Correlation Between Global X and Grayscale Bitcoin
Can any of the company-specific risk be diversified away by investing in both Global X and Grayscale Bitcoin at the same time? Although using a correlation coefficient on its own may not help to predict future stock returns, this module helps to understand the diversifiable risk of combining Global X and Grayscale Bitcoin into the same portfolio, which is an essential part of the fundamental portfolio management process.
By analyzing existing cross correlation between Global X Funds and Grayscale Bitcoin Trust, you can compare the effects of market volatilities on Global X and Grayscale Bitcoin and check how they will diversify away market risk if combined in the same portfolio for a given time horizon. You can also utilize pair trading strategies of matching a long position in Global X with a short position of Grayscale Bitcoin. Check out your portfolio center. Please also check ongoing floating volatility patterns of Global X and Grayscale Bitcoin.
Diversification Opportunities for Global X and Grayscale Bitcoin
0.98 | Correlation Coefficient |
Almost no diversification
The 3 months correlation between Global and Grayscale is 0.98. Overlapping area represents the amount of risk that can be diversified away by holding Global X Funds and Grayscale Bitcoin Trust in the same portfolio, assuming nothing else is changed. The correlation between historical prices or returns on Grayscale Bitcoin Trust and Global X is a relative statistical measure of the degree to which these equity instruments tend to move together. The correlation coefficient measures the extent to which returns on Global X Funds are associated (or correlated) with Grayscale Bitcoin. Values of the correlation coefficient range from -1 to +1, where. The correlation of zero (0) is possible when the price movement of Grayscale Bitcoin Trust has no effect on the direction of Global X i.e., Global X and Grayscale Bitcoin go up and down completely randomly.
Pair Corralation between Global X and Grayscale Bitcoin
Given the investment horizon of 90 days Global X is expected to generate 1.28 times less return on investment than Grayscale Bitcoin. But when comparing it to its historical volatility, Global X Funds is 1.14 times less risky than Grayscale Bitcoin. It trades about 0.24 of its potential returns per unit of risk. Grayscale Bitcoin Trust is currently generating about 0.27 of returns per unit of risk over similar time horizon. If you would invest 4,466 in Grayscale Bitcoin Trust on September 5, 2024 and sell it today you would earn a total of 3,129 from holding Grayscale Bitcoin Trust or generate 70.06% return on investment over 90 days.
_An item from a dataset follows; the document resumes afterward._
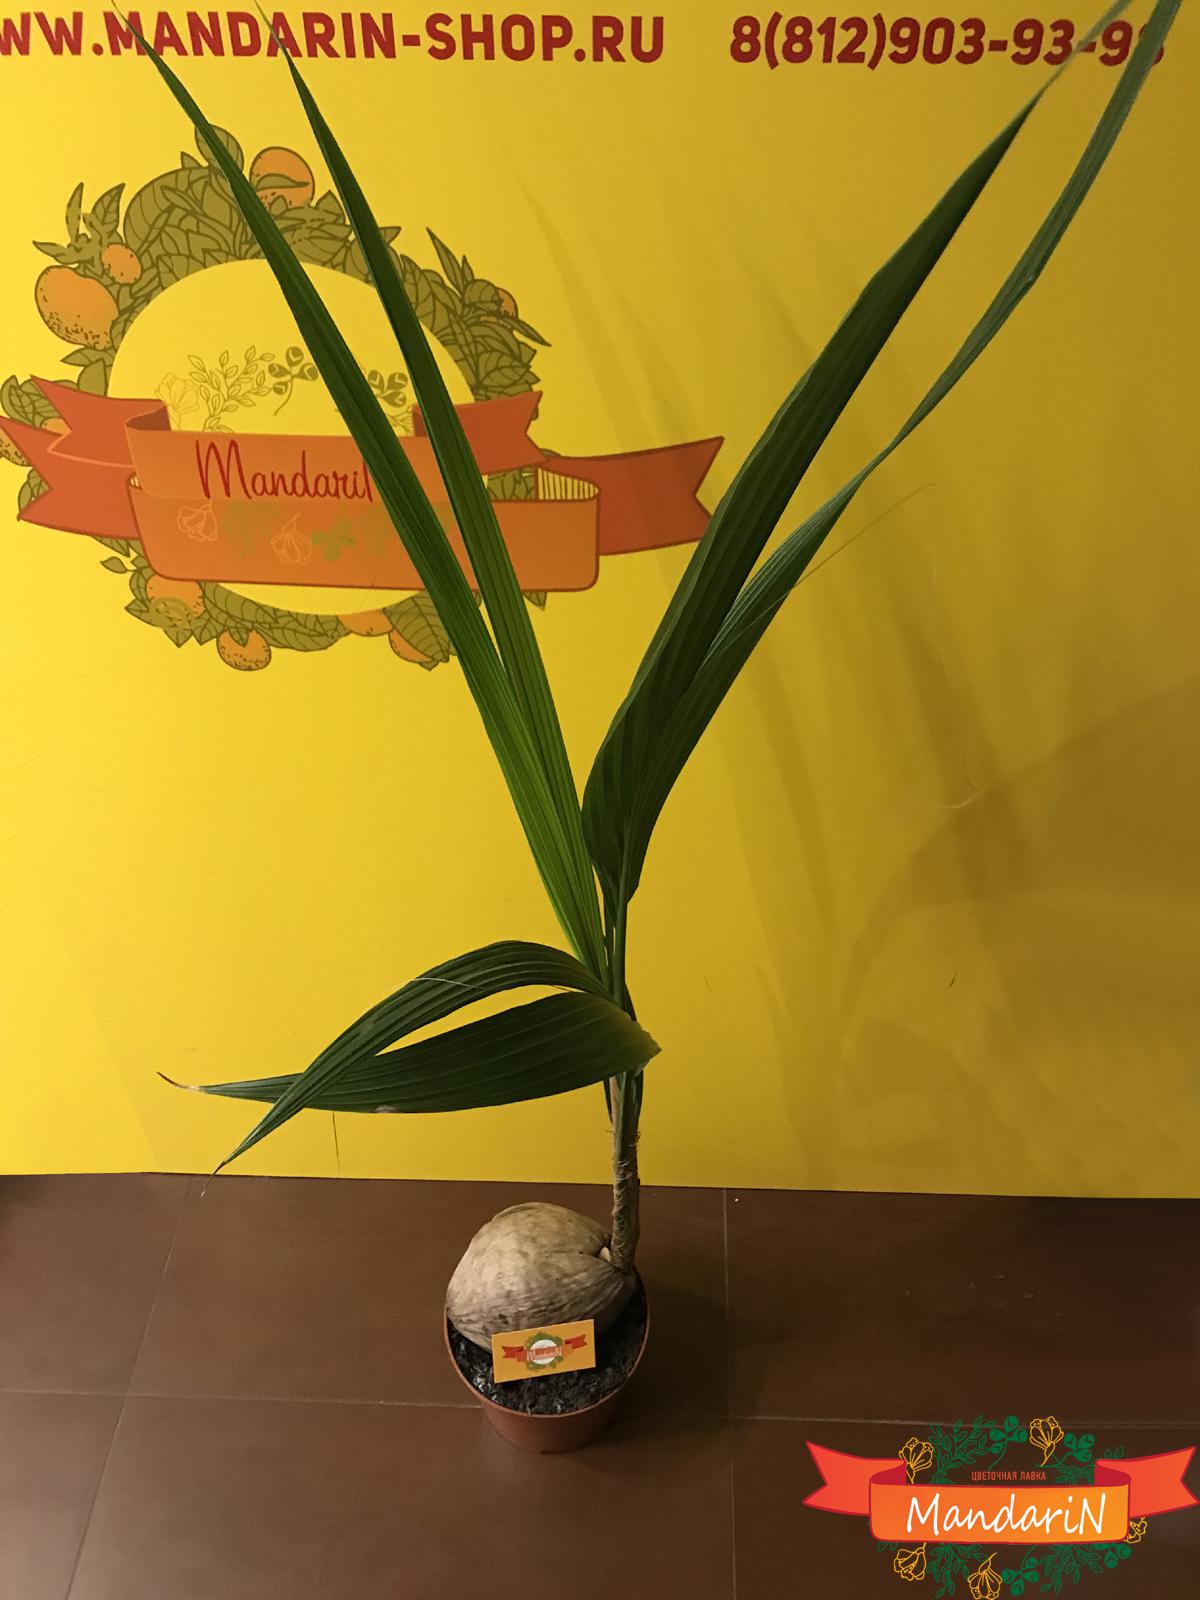 Кокосовая пальма в магазине Мандарин
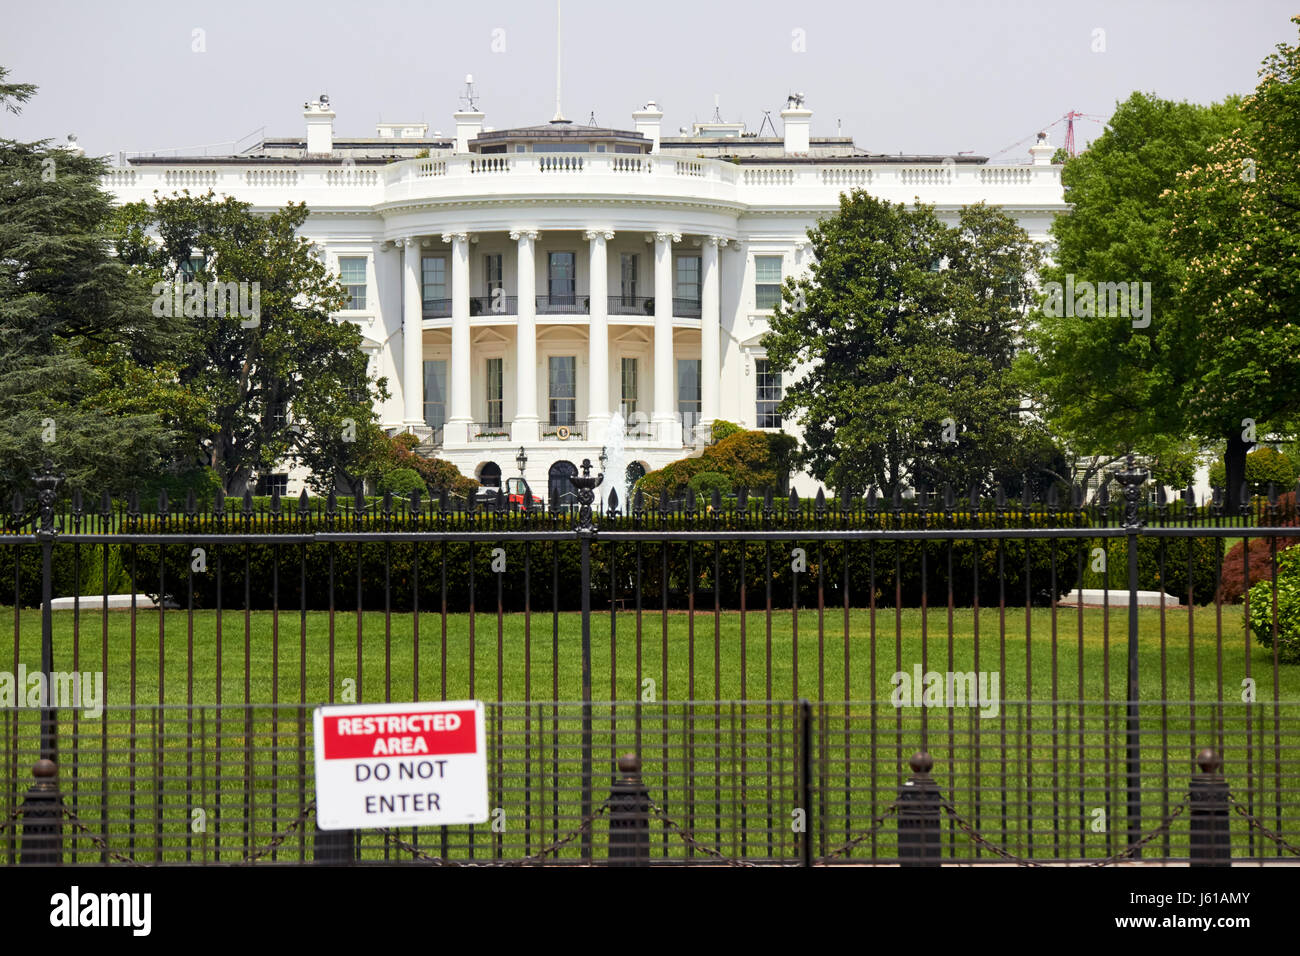 Valla de seguridad y área restringida los letreros en la fachada sur de la Casa Blanca, Washington DC, EE.UU. Foto de stock

Time Period | 3 Months [change] |
Direction | Moves Together |
Strength | Very Strong |
Accuracy | 98.44% |
Values | Daily Returns |
Global X Funds vs. Grayscale Bitcoin Trust
Performance |
Timeline |
Global X Funds |
Grayscale Bitcoin Trust |
Global X and Grayscale Bitcoin Volatility Contrast
Predicted Return Density |
Returns |
Pair Trading with Global X and Grayscale Bitcoin
The main advantage of trading using opposite Global X and Grayscale Bitcoin positions is that it hedges away some unsystematic risk. Because of two separate transactions, even if Global X position performs unexpectedly, Grayscale Bitcoin can make up some of the losses. Pair trading also minimizes risk from directional movements in the market. For example, if an entire industry or sector drops because of unexpected headlines, the short position in Grayscale Bitcoin will offset losses from the drop in Grayscale Bitcoin's long position.Global X vs. Grayscale Bitcoin Trust | Global X vs. ProShares Bitcoin Strategy | Global X vs. Amplify Transformational Data | Global X vs. First Trust Indxx |
Grayscale Bitcoin vs. ProShares Bitcoin Strategy | Grayscale Bitcoin vs. Amplify Transformational Data | Grayscale Bitcoin vs. First Trust Indxx | Grayscale Bitcoin vs. Bitwise Crypto Industry |
Check out your portfolio center.Note that this page's information should be used as a complementary analysis to find the right mix of equity instruments to add to your existing portfolios or create a brand new portfolio. You can also try the Portfolio File Import module to quickly import all of your third-party portfolios from your local drive in csv format.